For a number x, let us write (x)₂ to mean its binary representation. Using this notation, define the number $y_{f}:= (\hat{f}_{0}\hat{f}_{1}\hat{f}_{2}\ldots \hat{f}_{N})_{2} \in \mathbb{R}$ and $y_{g}:= (\hat{f}_{0}\hat{f}_{1}\hat{f}_{2}\ldots \hat{f}_{N})_{2} \in \mathbb{R}$ by a humble string concatenation of the binary excess representations of the (rounded) coefficients in the Taylor polynomials, assuming that they are all represented with the same number of bits. The resulting bitstring is then again interpreted as a real number. Clearly, the information in y_f and y_g can be chosen to represent f and g at arbitrary accuracy, but the numeric order between y_f and y_g is the same as the lexicographic order between f and g.
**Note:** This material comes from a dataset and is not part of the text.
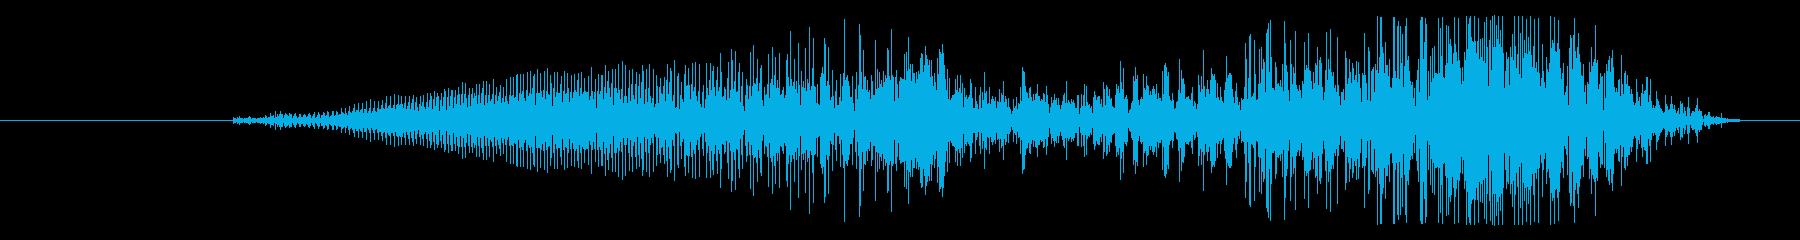 モンスター ペインフルクライハイ17の再生済みの波形

This in turn equals the ⪯-ordering of the original densities f and g.

Wrapping up, we have found real-valued representatives y_f, y_g for f and g so that y_f ≤ y_g “implies” f⪯g, where the quotes are a reminder for the relation to be decided on proxima to the original densities.

The goodness of fit is here determined by the number N of coefficients necessary for an accurate approximation by the Taylor polynomial, and the number of bits ℓ in the excess representation (that controls M and hence ɛ_M). We can thus think of the so-obtained numbers to act as substitutes in games where payoffs are distribution-valued. In other words, we could convert a game with distribution-valued payoffs into a normal game with real-valued payoffs, at the cost of getting only an approximation of the original game, but at any precision that we desire. This equips us with further methods like linear programming (see Section 3.4.1) to solve these games too. Most importantly, in having transformed a game with distribution-valued payoffs into a regular one over $\mathbb{R}$, convergence of fictitious play now follows from standard arguments again [23].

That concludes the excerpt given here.